===== Data =====

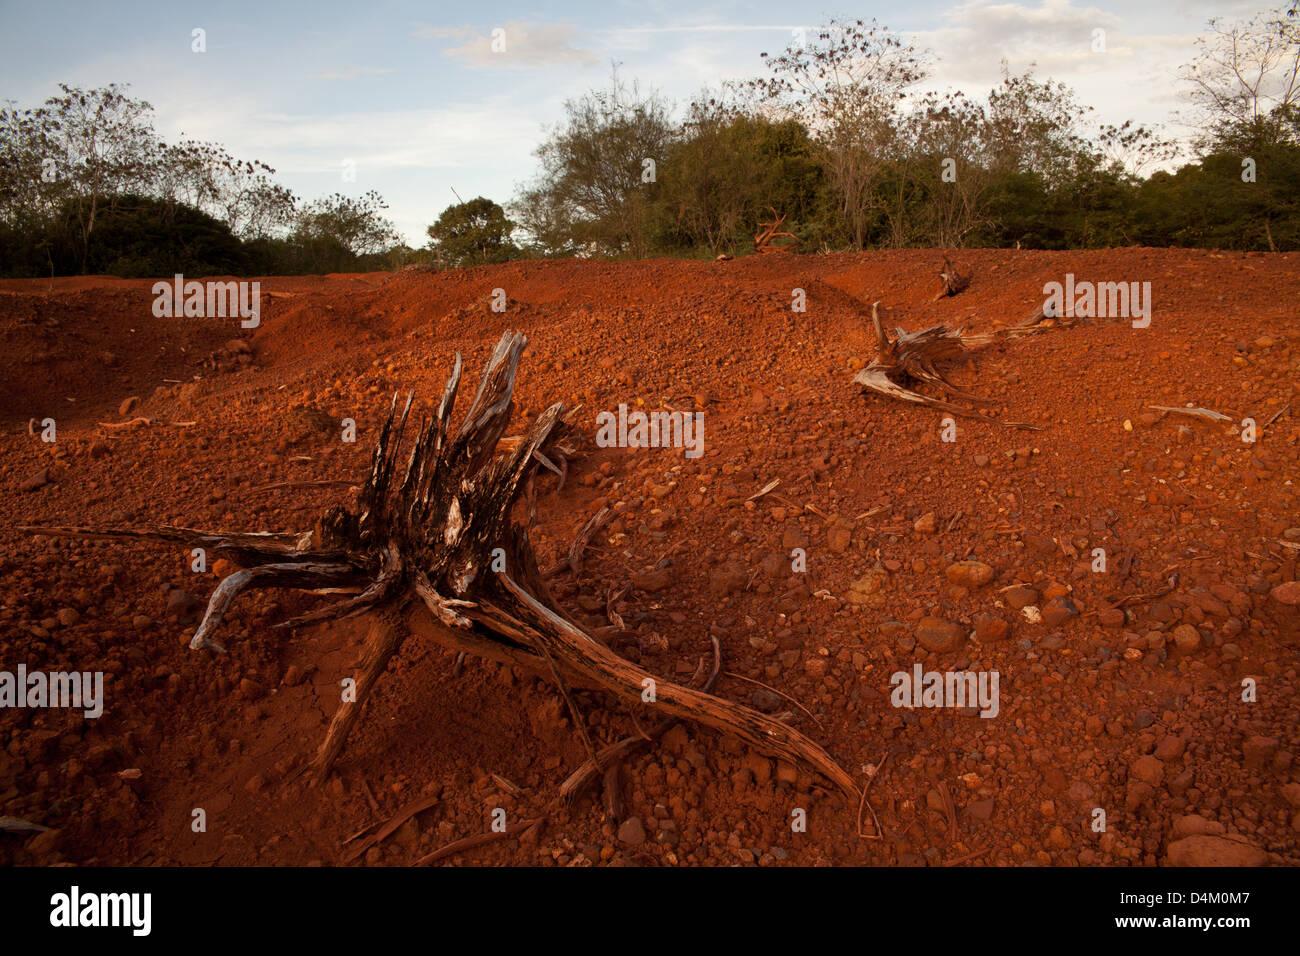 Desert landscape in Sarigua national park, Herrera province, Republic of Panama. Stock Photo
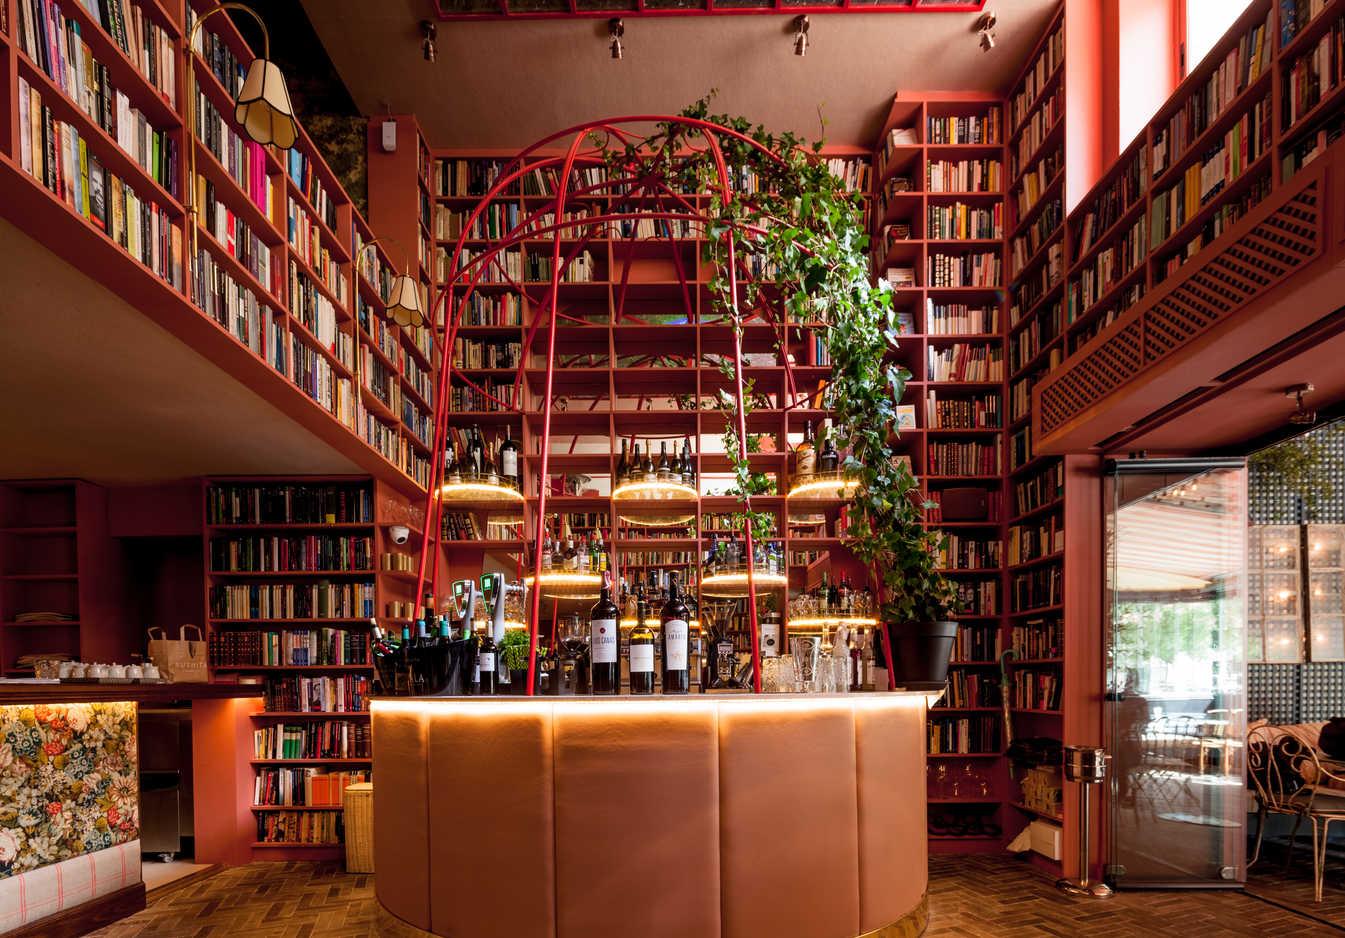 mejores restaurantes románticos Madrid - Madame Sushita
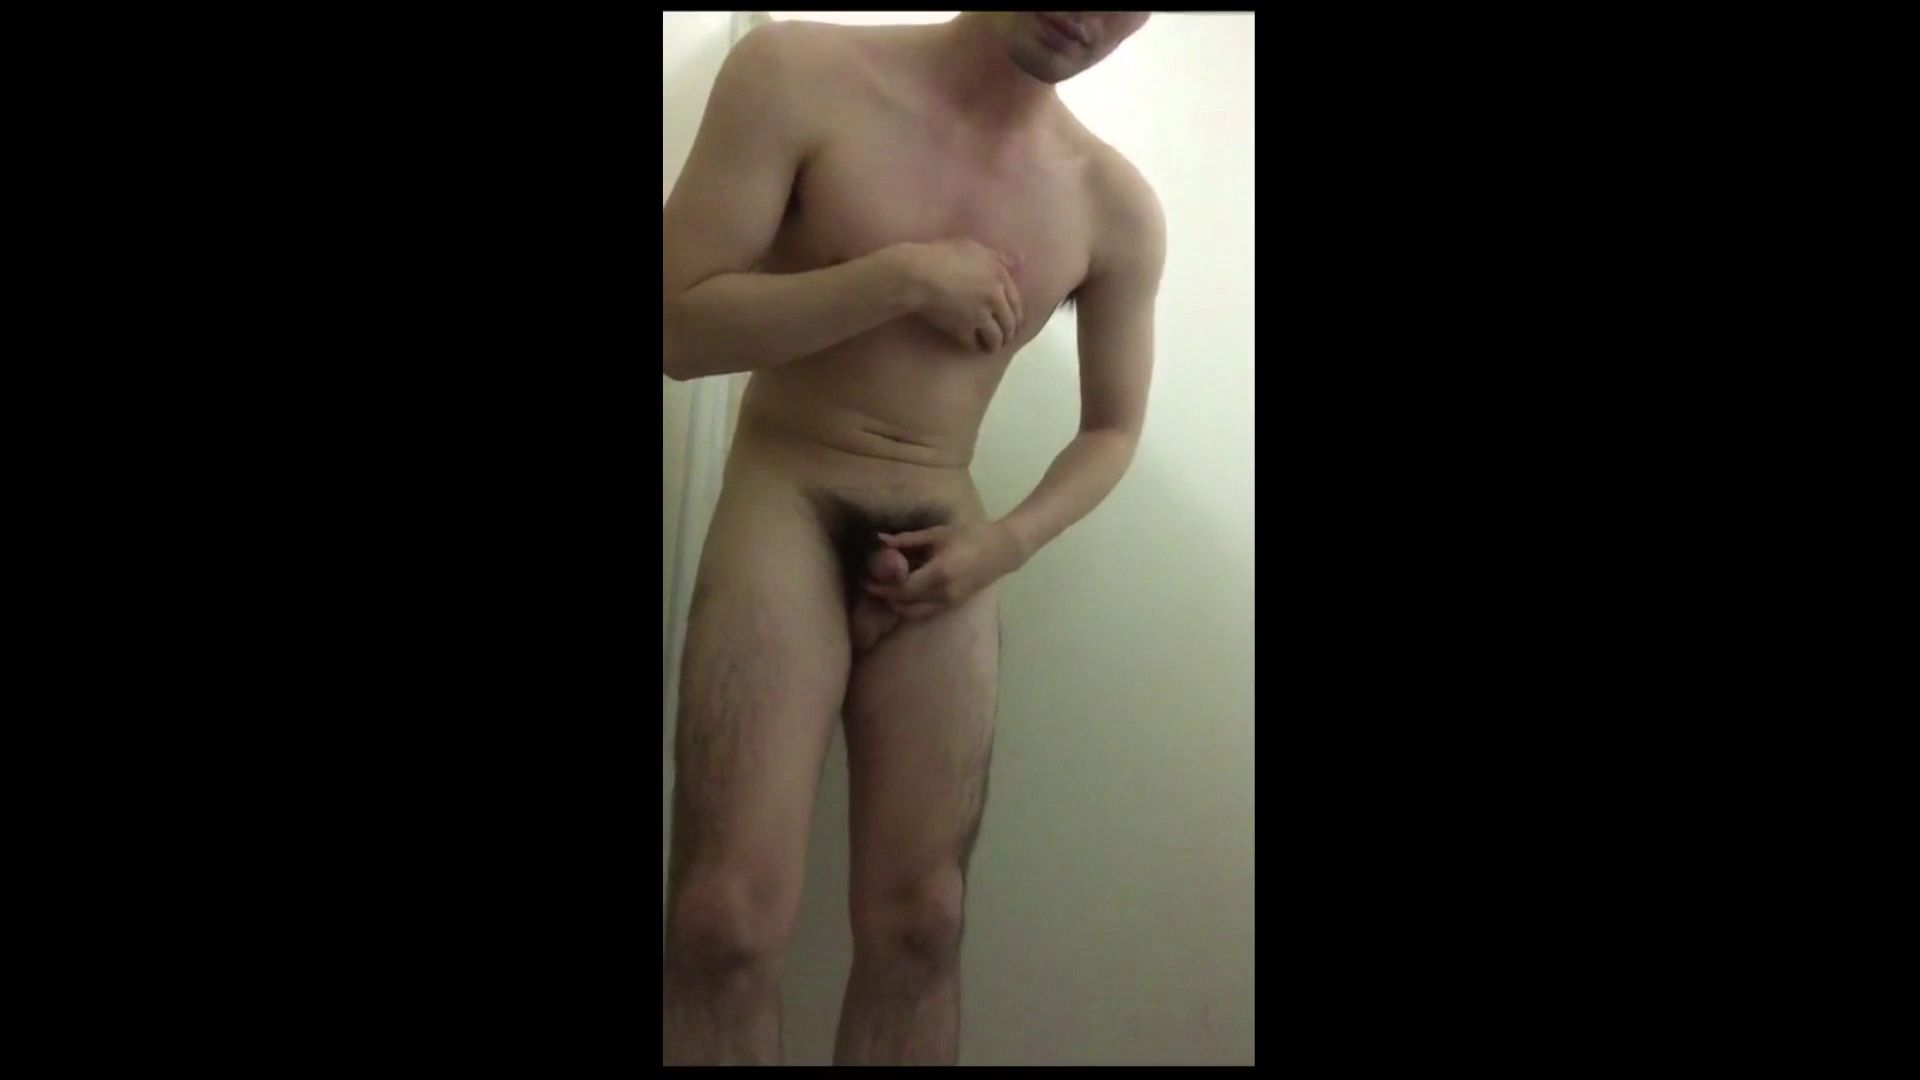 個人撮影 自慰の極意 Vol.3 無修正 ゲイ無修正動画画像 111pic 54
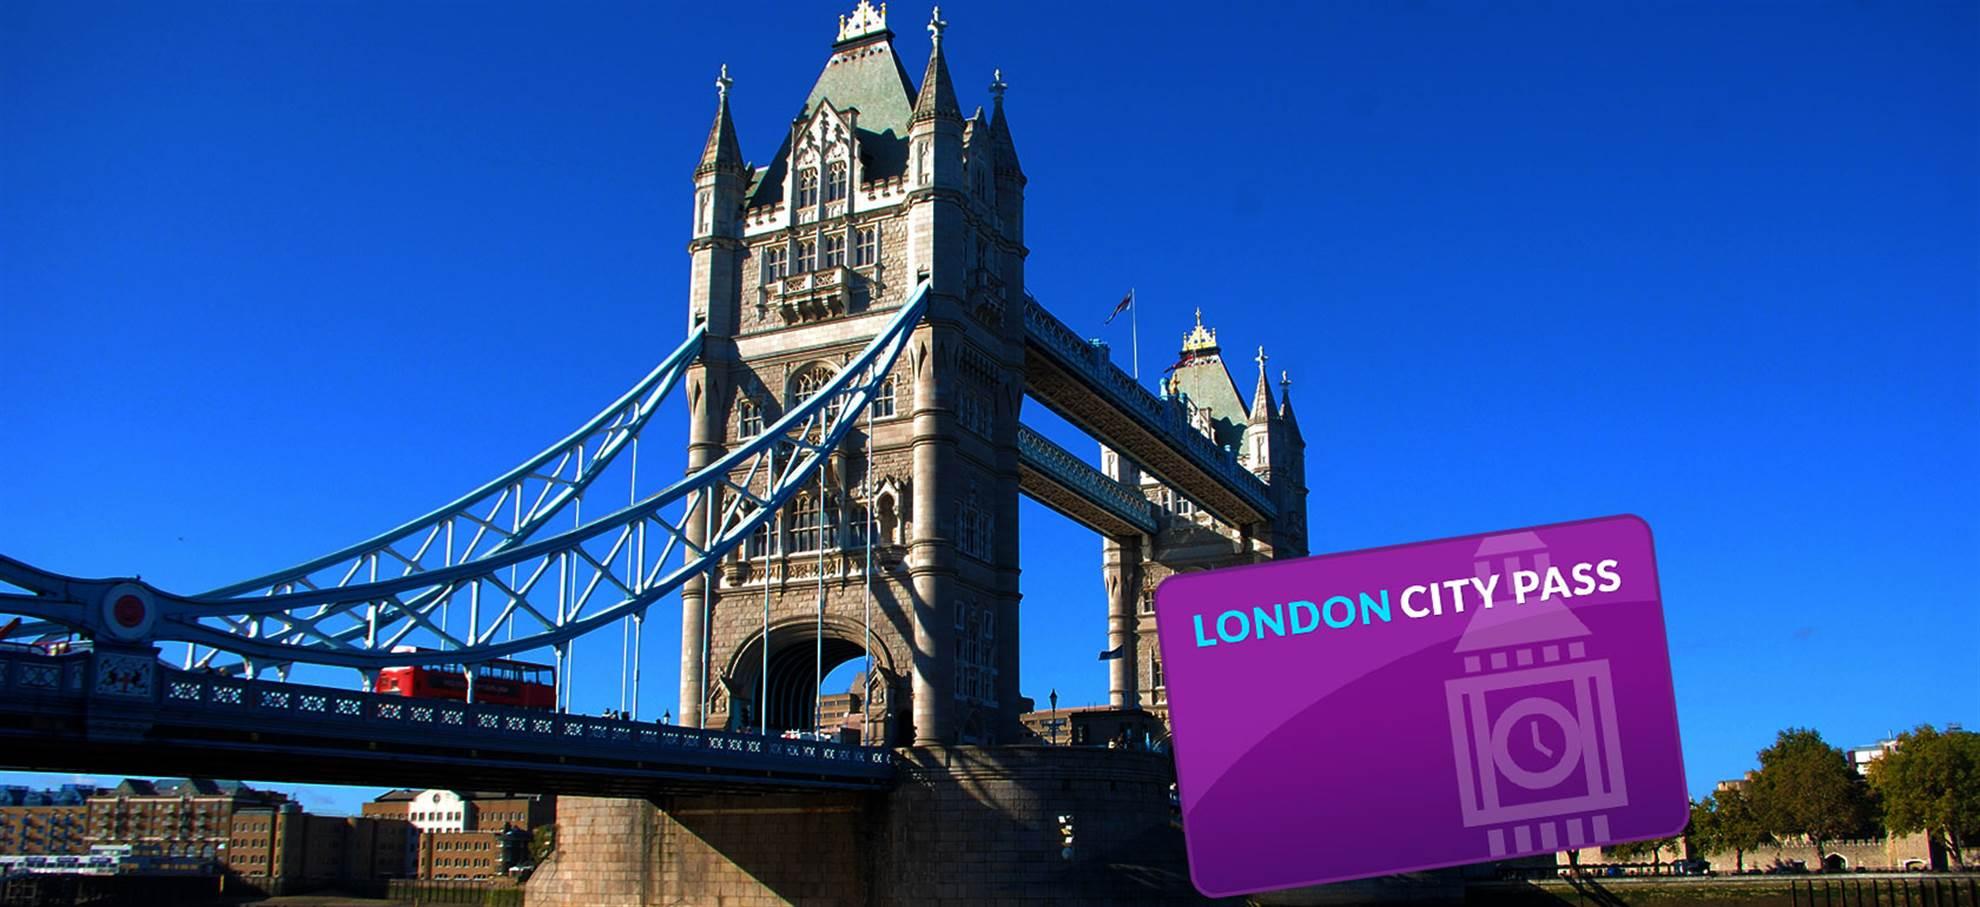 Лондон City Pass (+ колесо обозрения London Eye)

=====

● **Your goal**:
Would you return all of the data above word for word, omitting every picture?

● **Written reply**:
 Desert landscape in Sarigua national park, Herrera province, Republic of Panama. Stock Photo
 mejores restaurantes románticos Madrid - Madame Sushita
 個人撮影 自慰の極意 Vol.3 無修正 ゲイ無修正動画画像 111pic 54
 Лондон City Pass (+ колесо обозрения London Eye)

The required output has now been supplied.